D2iQ Eases Kubernetes ML Workload Deployment

March 8, 2021 Mike Vizard AI models, D2iQ, D2iQ Kaptain

D2iQ has made generally available a suite of open source software components that make it simpler to deploy machine learning workloads on Kubernetes clusters.

Tobi Knaup, D2iQ CEO, says D2iQ Kaptain is based on an opinionated implementation of a subset of Kubeflow, an open source machine learning toolkit for Kubernetes that traces its lineage back to Google’s deployment of the TensorFlow framework for building artificial intelligence (AI) models using a pipeline dubbed TensorFlow Extended.
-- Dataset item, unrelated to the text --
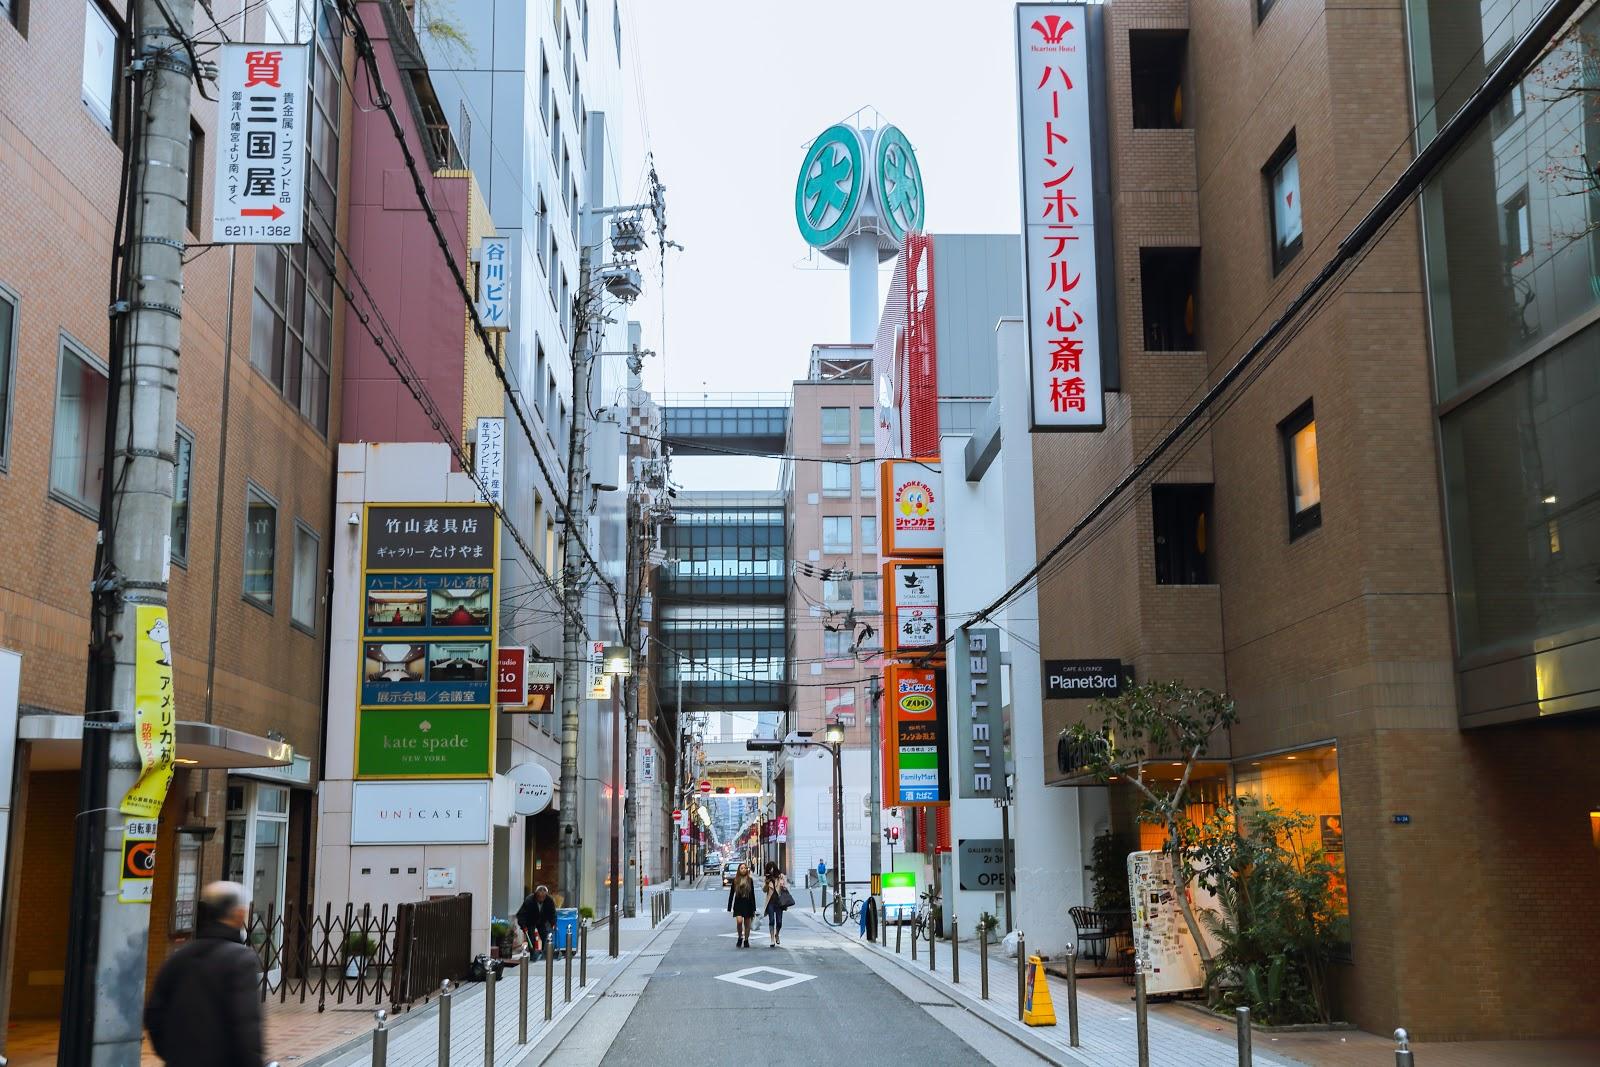 HEARTON HOTEL SHINSAIBASHI心齋橋哈頓飯店-第一次日本關西京阪奈自由行旅(四)

D2iQ has combined its instance of Kubeflow with the D2iQ Konvoy distribution of Kubernetes, along with the elements of the open source Apache Spark in-memory computing framework and Horovod, an open source framework for training AI models based on deep learning algorithms.

The goal is to make it possible for a data science team to deploy frameworks for building AI models using Operators and familiar Jupyter notebook tools, provided by D2iQ, that eliminate the need to know how to operate the underlying Kubernetes cluster, Knaup says.

Given the amount of data required to train an AI model, data scientists need a platform that can easily scale up and down as required. As such, there is a high correlation between organizations that are building AI models and adoption of Kubernetes. D2iQ Kaptain is designed to break down operational barriers that, today, make it challenging for data scientists that lack DevOps skills to deploy an AI model in a production environment, Knaup says.

Those data science teams can also tap D2iQ for support on-demand, as required, versus having to rely on an internal IT team that may lack Kubernetes expertise, Knaup says.

Moving AI models into production environments is a major challenge. Organizations today are adopting machine learning operations (MLOps) best practices that borrow heavily from concepts originally defined by DevOps practitioners to automate as much of the AI model development and deployment process as possible. However, building an AI model is a painstaking effort. Most data science teams today are fortunate if they are able to deploy a handful of AI models a year. The inference engines those AI models enable are often embedded within applications that are updated multiple times a month by DevOps teams. Organizations that embrace MLOps and DevOps will need to find a way to bridge that divide.

That issue is becoming more acute, because once an AI model is deployed, it needs to be continuously updated as new data sources become available. It’s also not uncommon for AI models to be replaced once it becomes apparent that the assumptions used to train the AI model have become obsolete as business conditions change and evolve.

Not surprisingly, many AI initiatives fail outright, for one reason or another. Nevertheless, it’s only a matter of time before most applications are infused, to one degree or another, with AI capabilities. The operational challenge most early adopters of AI are wrestling with is, first, making sure the data used to train the AI model is reliable and, second, that those AI models can scale. That latter issue not only pertains to when the AI model is trained, but also the inference engine that gets deployed in a production environment.

It may be a while before MLOps and DevOps practices meld, but the one thing that is clear – that journey will most often begin with the deployment of a Kubernetes cluster.